The BOP accumulator is also called the accumulator bottle, hydraulic accumulator, or Koomey unit (a trade name for a popular accumulator control panel brand manufactured by Continental Emsco, now Schlumberger). Related terms include blowout preventer (BOP, the mechanical well control device mounted on the wellhead to seal the annulus or shear the drill string in a well control emergency; the accumulator provides the hydraulic energy to close BOP rams and the annular element), well control (the process of detecting and managing a kick from the formation before it becomes a blowout; the accumulator is the first-response tool that shuts in the well when a kick is detected), kick (an influx of formation fluid into the wellbore, detectable as pit gain or flow from the well with pumps off; triggers the driller to close the BOP using the accumulator system), pre-charge pressure (the nitrogen gas pressure in an empty accumulator vessel before hydraulic fluid is pumped in; typically 1,000 psi for a 3,000 psi BOP system; must be verified regularly because nitrogen can permeate through the bladder over time, reducing usable accumulator volume), and API 16D (the American Petroleum Institute specification governing BOP control system design, accumulator sizing, and function test requirements; the primary regulatory reference for accumulator adequacy on drilling rigs worldwide).

How an Under-Specified Accumulator Almost Delayed BOP Closure During a Kick in the Foothills

A drilling contractor was operating a 2,000-horsepower rig drilling a deep Foothills well targeting a Triassic Halfway gas formation in northeast British Columbia at approximately 4,200 metres measured depth.

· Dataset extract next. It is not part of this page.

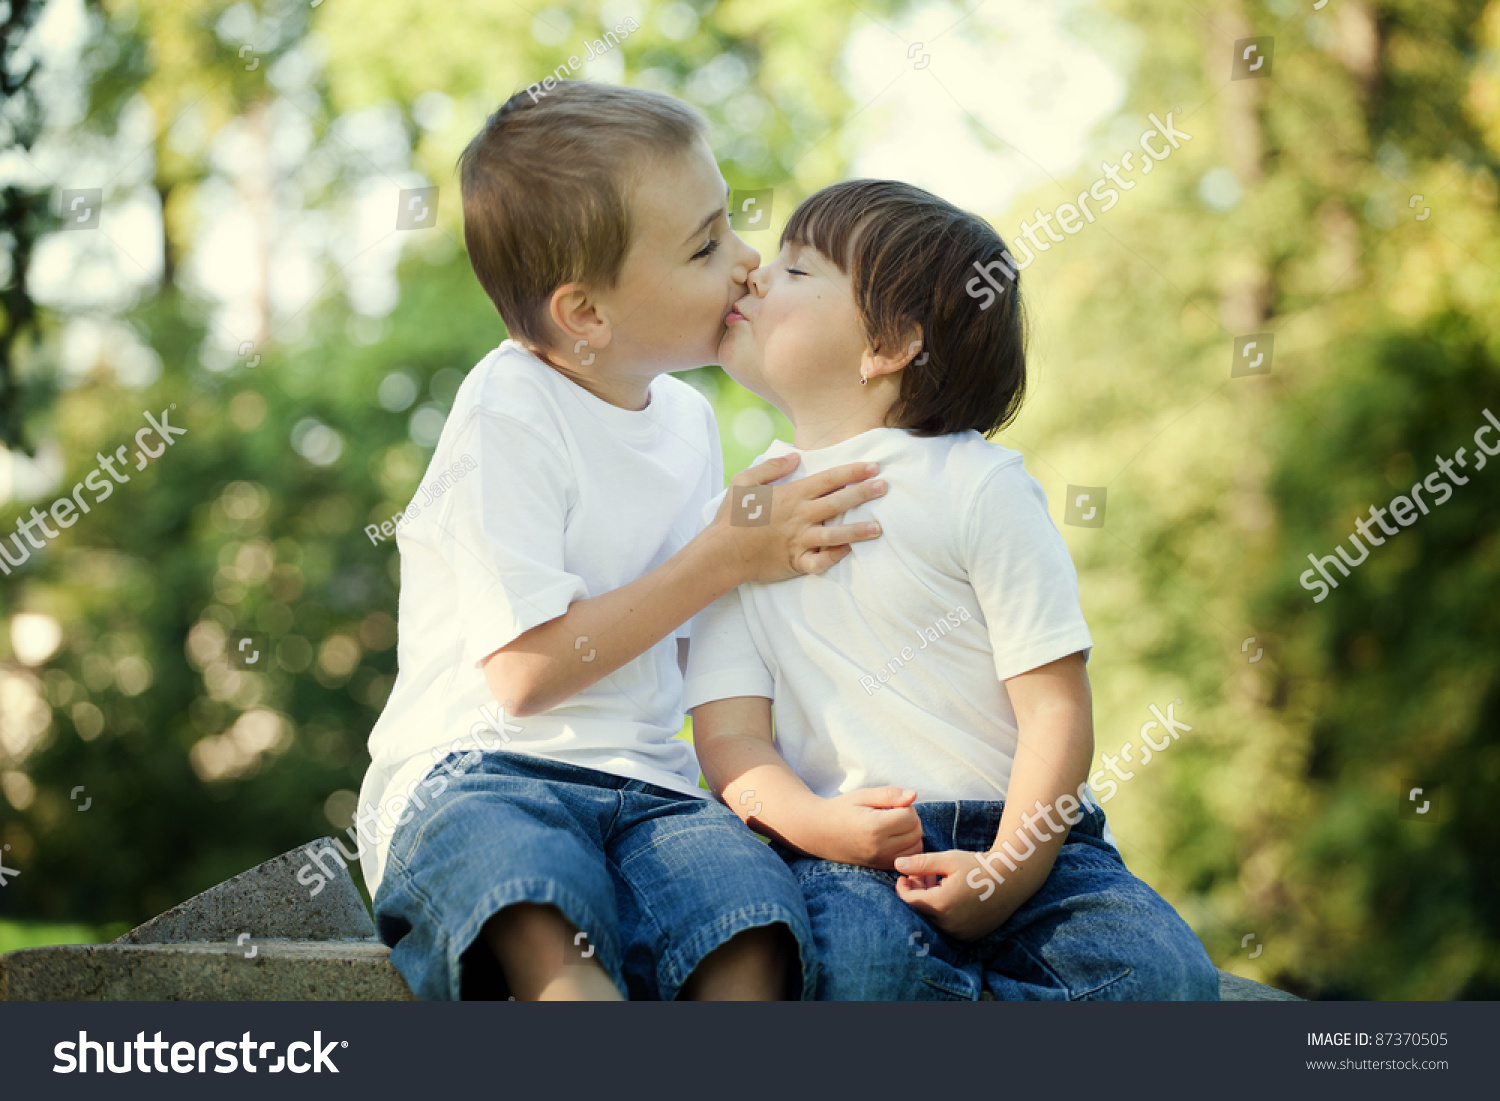 Boys kiss girls. Мальчик целует мальчика. Поцелуи мальчик с мальчиком. Два мальчика целуются.

The BOP stack consisted of a double ram preventer (pipe rams and blind-shear rams), plus a 20-3/4 inch annular BOP. The accumulator system was a 16-bottle unit with 20-gallon bottles, nitrogen pre-charged to 1,000 psi, and an operating pressure of 3,000 psi.

During a connection at 4,185 metres, the driller observed 0.8 cubic metres of pit gain over four minutes with pumps off. A kick had entered the wellbore. The driller closed the annular BOP using the accumulator control panel. The BOP closed in 28 seconds, within the 30-second API 16D requirement, and the well was shut in. The shut-in drillpipe pressure read 1,850 kPa, the shut-in casing pressure read 2,400 kPa, confirming a gas kick from an overpressured zone.

Following the BOP closure, the company man checked the accumulator system pressure gauge. It read 1,380 psi, only 180 psi above the nitrogen pre-charge — meaning the accumulator had been drawn down to near its minimum usable pressure in closing just the annular BOP. The system did not have the remaining volume to close the blind-shear rams a second time from 1,380 psi without pump assistance.

Investigation revealed that two of the 16 accumulator bottles had failed their last pre-charge test and had been removed for bladder replacement but not yet reinstalled before the well was spudded. The effective accumulator system had only 14 bottles when the API 16D closing volume calculation required a minimum of 16 for the BOP stack configuration on this well. The hydraulic pumps had been running continuously during the annular close, which had maintained enough pressure for the annular closure, but the stored energy alone would not have been sufficient.

The AER well control inspector who reviewed the incident required a suspension of operations until all 16 accumulator bottles were verified as installed and pre-charged. The contractor was issued a formal directive to update its pre-spud checklist to confirm accumulator bottle count and pre-charge pressure with a witnessed test before drilling ahead past the surface casing shoe. The cost of the suspension: three days of standby rig time at CAD 42,000 per day, or CAD 126,000 in non-productive time, for a compliance failure that could have been caught with a 30-minute pre-well accumulator function test.